Selain itu Syarif juga menuding Pemerintah Kabupaten Bima dan Ketua DPRD Kabupaten Bima sudah memandang sebelah mata pembangunan Dam Tolo Mango.

"Pemerintah kabupaten Bima dan Ketua DPRD Kabupaten Bima telah memandang sebelah mata pembangunan Dam Tolo Mango" terangnya.

Massa aksi lain juga menyatakan,
hadirnya perwakilan petani ini,  menuntut janji Bupati saat berkunjung di Ambalawi 4 tahun lalu, dan hingga saat ini belum juga terealisasi. 

"Kami bukan maling, tapi datang untuk menagih janji bupati bima," ucapnya. 

Massa aksi lain Hasnun, menyatakan, anggaran Dam Tolo mango pernah di bahas pada tahun 2019 dan dimasukan melalui APBD murni tahun 2020. Tapi anggaran yang telah dibahas itu seolah hilang dari pagu anggaran Pemerintah Kabupaten Bima.

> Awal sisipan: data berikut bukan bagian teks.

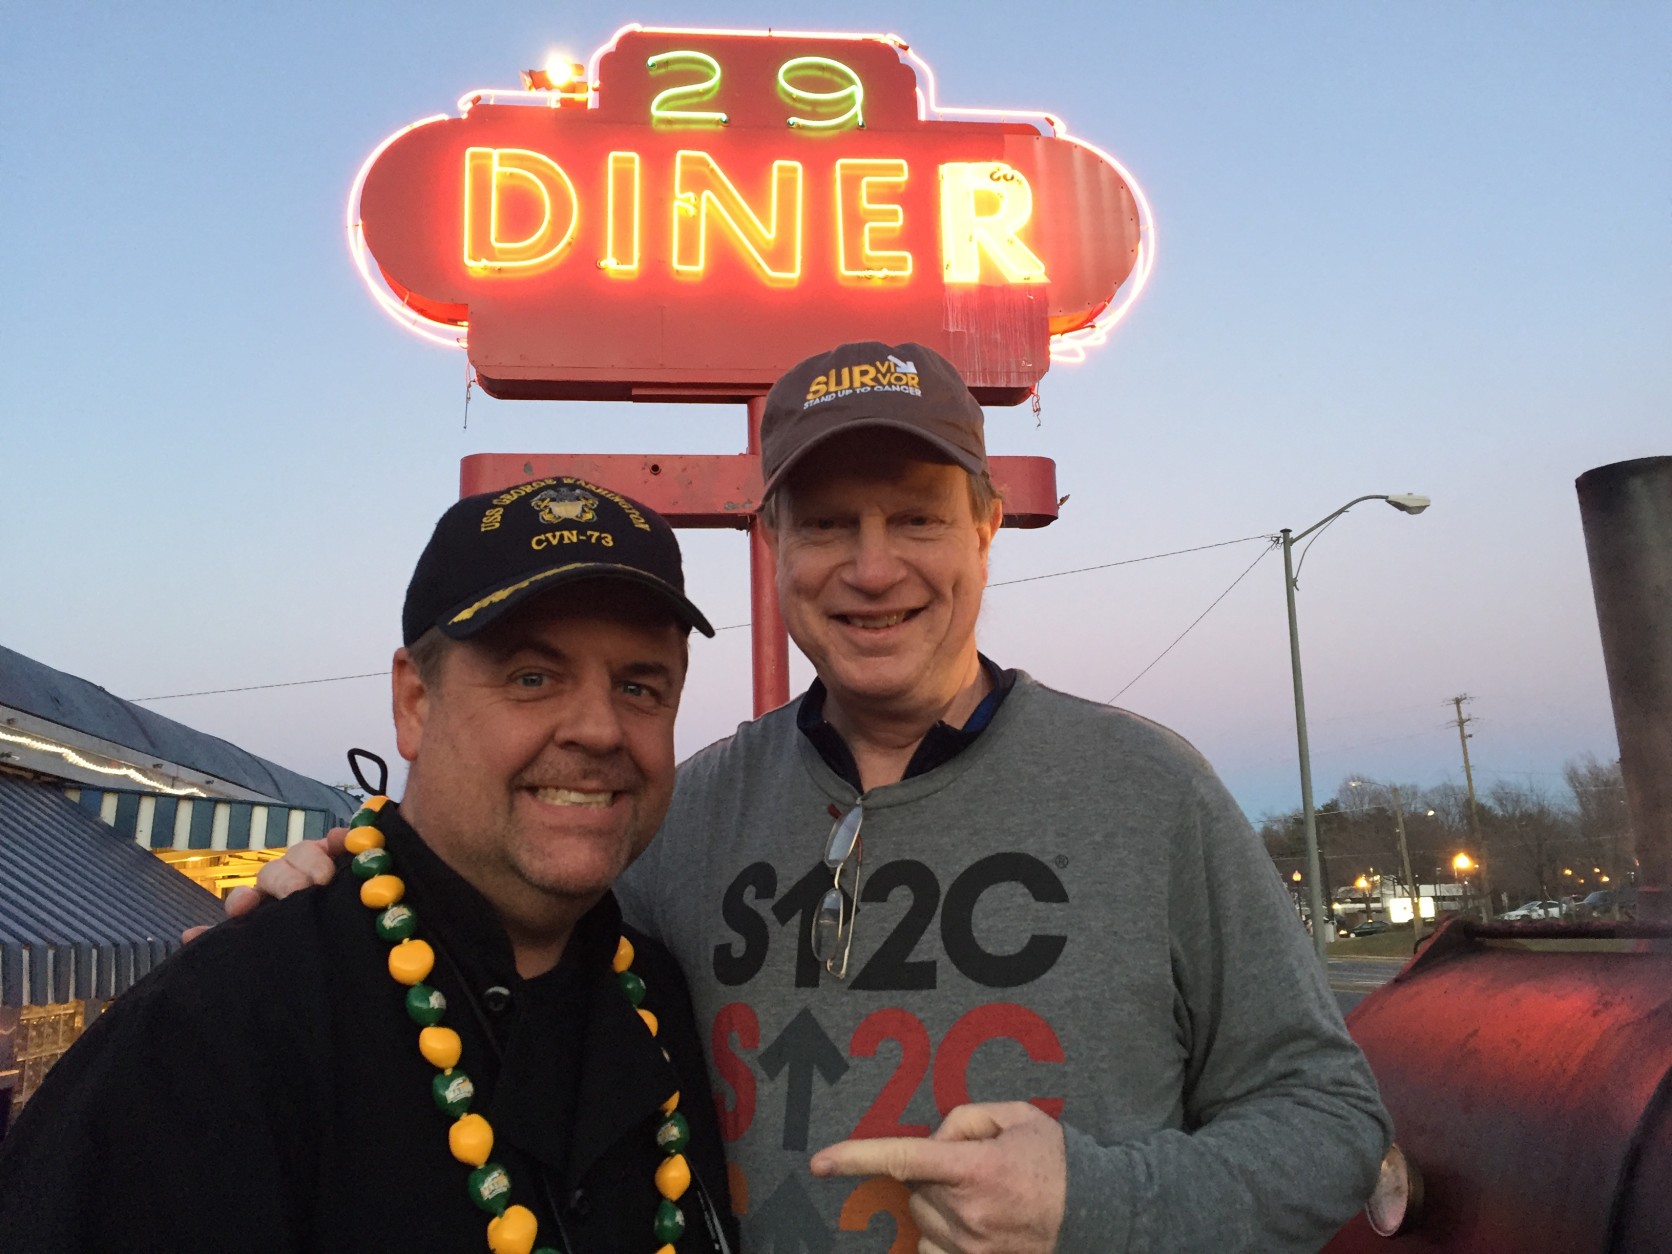 The owner of 29 Diner, John Wood (left), with friend and cancer survivor Pat Malone. (WTOP/Michelle Basch)

"Anggaran Dam Tolo Mango telah dianggaran tahun 2020. Namun setelah dilakukan banggar. Anggaran itu hilang,  dan entah kemana. Diduga ada konspirasi jahat yang dilakukan oleh Pemda dan DPRD Kabupaten Bima" ujarnya. 

Hasnun juga berharap agar anggaran Dam Tolo Mango di masukan kembali ke APBD-P, dan Jika aspirasi Warga itu tidak diperjuangan, maka kami akan memboikot kembali jalan Lintas Wera Bima. 

"Anggaran Dam Tolo Mango wajib di masukan dalam anggaran perubahan, dan jika aspirasi kami tersebut tidak diperjualbelikan, maka kami akan melakukan pemblokiran jalan lintas Ambalawi," tegasnya. (RED)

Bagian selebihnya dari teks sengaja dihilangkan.